I can't realistically walk you through everything, so please save me some heartache, as well as yourself, and just read the INSTALL file before continuing. I have no idea what particular requirements your system has. I will however, walk you through my install.

First you will need working installations of both Zlib and OpenSSL (yes there is an OpenSSL project as well)

Zlib:
http://www.freesoftware.com/pub/infozip/zlib/

OpenSSL 0.9.5a or greater:
http://www.openssl.org/

Or, if you're even more lazy then the audience this paper was written for, (God forbid), then grab the RPM's from the link below. RPMs of OpenSSL are available at http://violet.ibs.com.au/openssh/files/support

Alternatively, Jim Knoble has written an excellent X11 passphrase requester. This is maintained separately at: http://www.ntrnet.net/~jmknoble/software/x11-ssh-askpass/index.html

If you wish to build the GNOME passphrase requester, you will need the GNOME libraries and headers.

GNOME:
http://www.gnome.org/

Also, grab GNUmake if you do not yet have it, OpenSSH has only been tested with this program.

  [root@myhost ]# ./configure && make && make install

This will install the binaries in /opt/{bin,lib,sbin}, but will place the config files in /etc/ssh

If you are using PAM, you will need to manually install a PAM control file as "/etc/pam.d/sshd" (or wherever your system prefers to keep them). A generic PAM configuration is included as "contrib/sshd.pam.generic", you may need to edit it before using it on your system. If you are using a recent version of Red Hat Linux, the config file in contrib/Red Hat/sshd.pam should be more useful. Failure to install a valid PAM file may result in an inability to use password authentication.

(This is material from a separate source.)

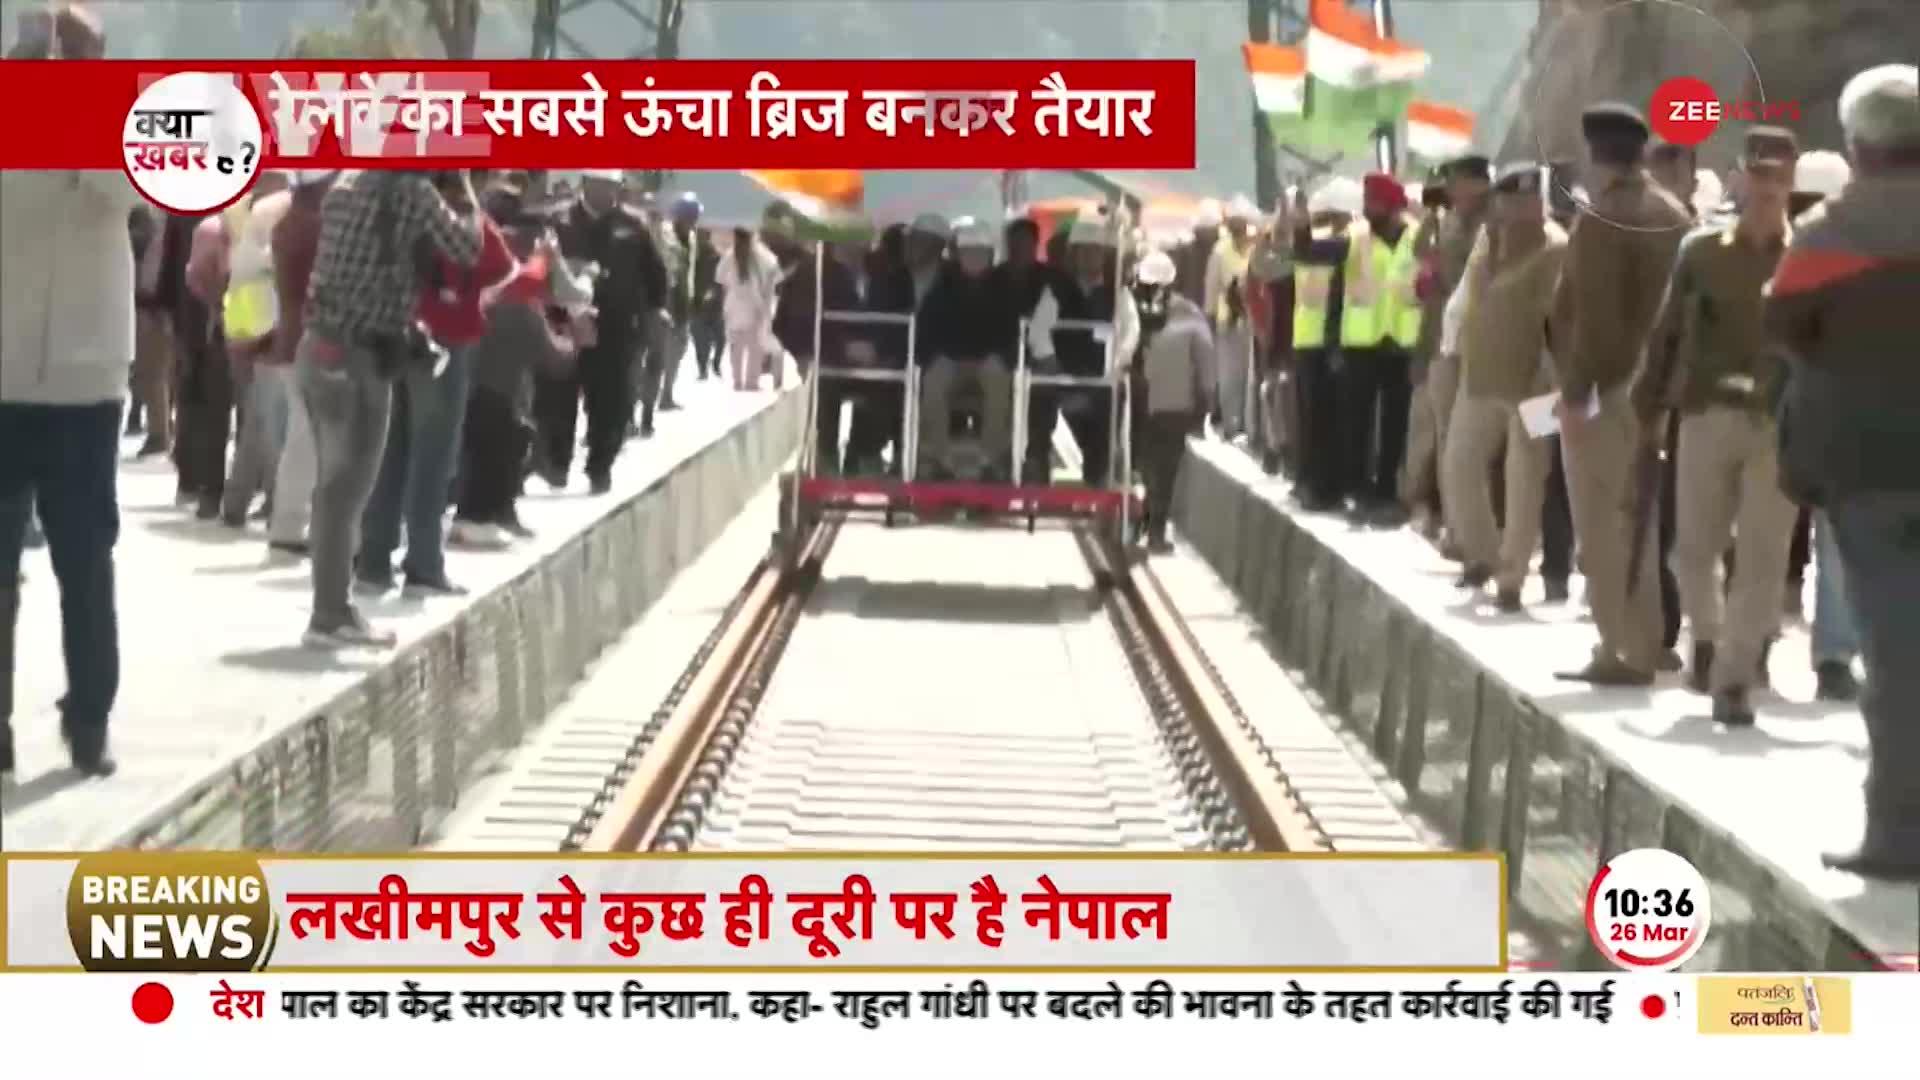 Indian Railways: रेलवे का सबसे ऊंचा ब्रिज बनकर तैयार, 473 मीटर ऊँचा है रियासी में बना ब्रिज

I like to run configure with '--without-pam' to disable PAM support. PAM is automatically detected and switched on if found. This is because I opt to use RSA Authentication instead.

  [root@myhost ]# tar -xvf zlib.tar
  [root@myhost ]# cd zlib-1.1.3
  [root@myhost zlib-1.1.3]# ./configure && make && make install

You shouldn't get any errors, if you do, sorry to do this, but refer to the README file. What I like to do when compiling something and something goes wrong, I just grep a keyword from the error on the provided README file(s) to see if there is anything specifically mentioned about my error. (Just a suggestion)

To install OpenSSL, you will need:

  • Perl 5
  • an ANSI C compiler
  • a supported Unix operating system
  [root@myhost ]# tar -xvf openssl-0.9.5a.tar
  [root@myhost ]# ./config && make && make test && make install

Now lets build OpenSSH!

  [root@myhost ]# cd openssh-2.1.1p2
  [root@myhost ]# ./configure --without-PAM && make && make install

NOTES
Because I opt for RSA authentication, I run configure with the --without-PAM option as I am not a big fan of basic password authentication. With the advancements in Cryptography and more secure forms of authentication, PAM and other password-type authentication mechanisms IMHO will become obsolete within a few years

When you have successfully compiled and installed OpenSSH, you will receive the following information.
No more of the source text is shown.